Maybe we’ll make it through this, Jasper thought. Maybe we’ll—
—
They were falling faster than Ivy could fix them.
—
A weight slammed into Dorian’s back, solid and heavy and full of malice. It disrupted his balance, made him lose the steps of the dance, faltering in his fleet-footed elegance. He brought up his sword, but the creature was too close and he was too late. He lashed out anyway, and his blade connected with something—not the monster on his back; one of its siblings, maybe. The blow shivered up his arm all the way to his shoulder, but it was wrong, all wrong. The thing on his back screeched and attacked, wrapping itself around him like a snake strangling a rabbit—
Talons, black as coal, raked across skin so deeply it took a moment for the pain to set in. Dorian’s vision went red, then black. A scream tore its way up his throat as the world went dark.
—
Blood caked in white feathers, tears tracked down soot-covered cheeks as another one slipped through Ivy’s fingers. For every one she patched up, another two were lost before she could even get to them. Cries of agony pierced the night. Ivy packed a wound, then another, and another, eyes on each patient, on their skin, their feathers, their scales. Flesh torn apart and put back together, as fast as she could and still too slow.
—
Jasper watched Dorian collapse, knees crashing to the pavement as his legs folded beneath him as if he were a marionette with its strings cut. The air rushed from Jasper’s lungs as Dorian slumped to the side, one hand cradling the right half of his face, fingers slick with blood. His sword hung limply from his other hand, tip scraping uselessly against the asphalt. A shadow beast dove toward Dorian, eager to finish what it had started, jaws open as it prepared to land a killing blow.

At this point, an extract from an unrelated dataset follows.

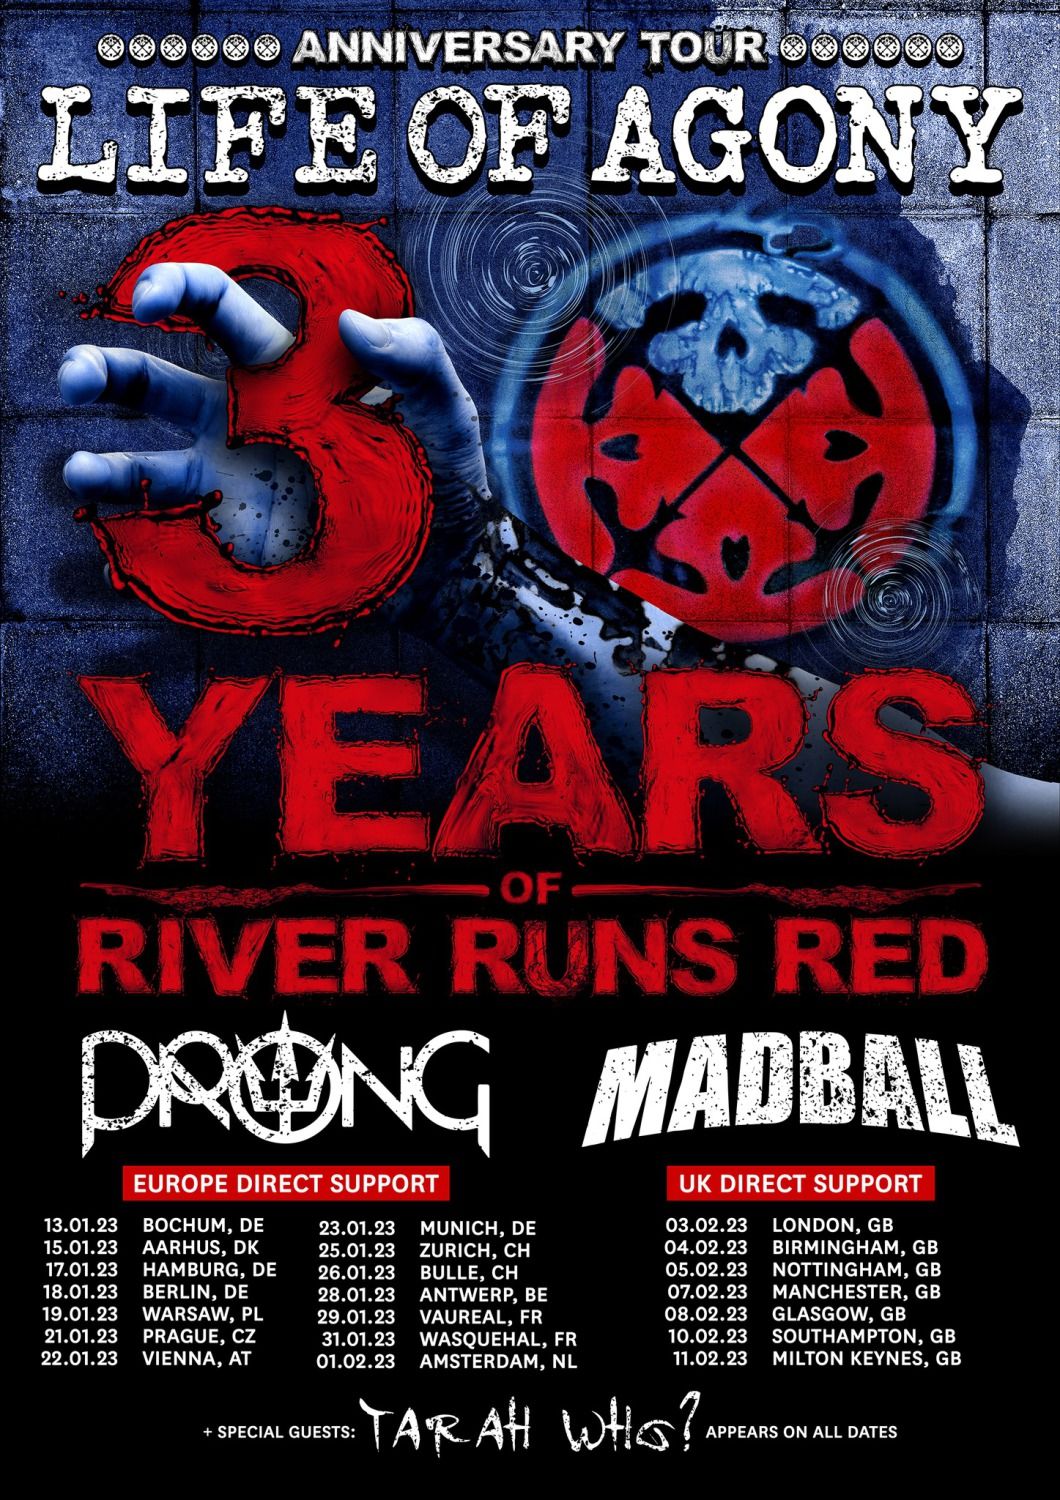 "30 Years Of River Runs Red"-Tourtrailer veröffentlicht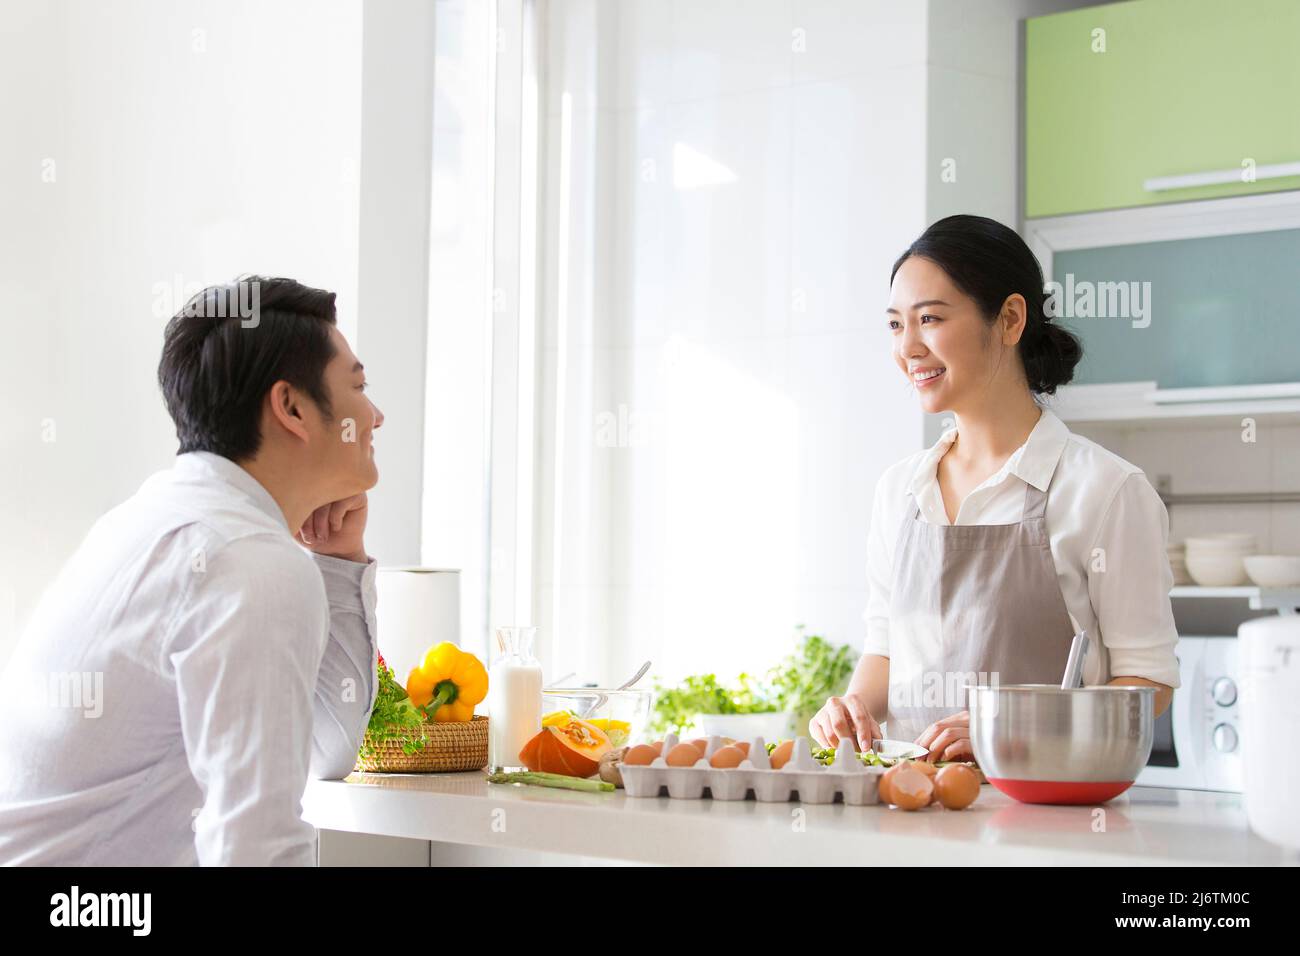 In der Familienküche kocht ein junges Paar gerne zusammen. Sie schauten einander tief in die Augen - Stockfoto Stockfoto

Jasper’s knife flew straight and true, right into that gaping maw.
He felt something inside him shatter as he ran. Something deep and vital and beautiful splintering into ugliness. A high-pitched buzz scratched at his ears. His lips were moving as he pulled Dorian into his lap, but he wasn’t aware of the words spilling from them, only of the way Dorian’s eye patch dangled from his face, the string cut by those sweeping black talons, the mass of scar tissue clustered around his left eye socket, the mess of blood and thicker things clogging his right.
Jasper’s heart hammered out a rhythmic plea as he shouted for help, for Ivy, for anyone.
No no no no no no—
—
Dorian could hear a heart beating against his ear, and he knew it to be Jasper’s, but he couldn’t see him. Darkness, more complete even than the one that had rendered him blind, threatened to engulf him. The last thought that drifted through his mind was that he was going to die without seeing that stupid beautiful face one last time.
A monstrous injustice, he thought, lucid somehow, even through the pain. But then the shadows swallowed him whole and he thought no more.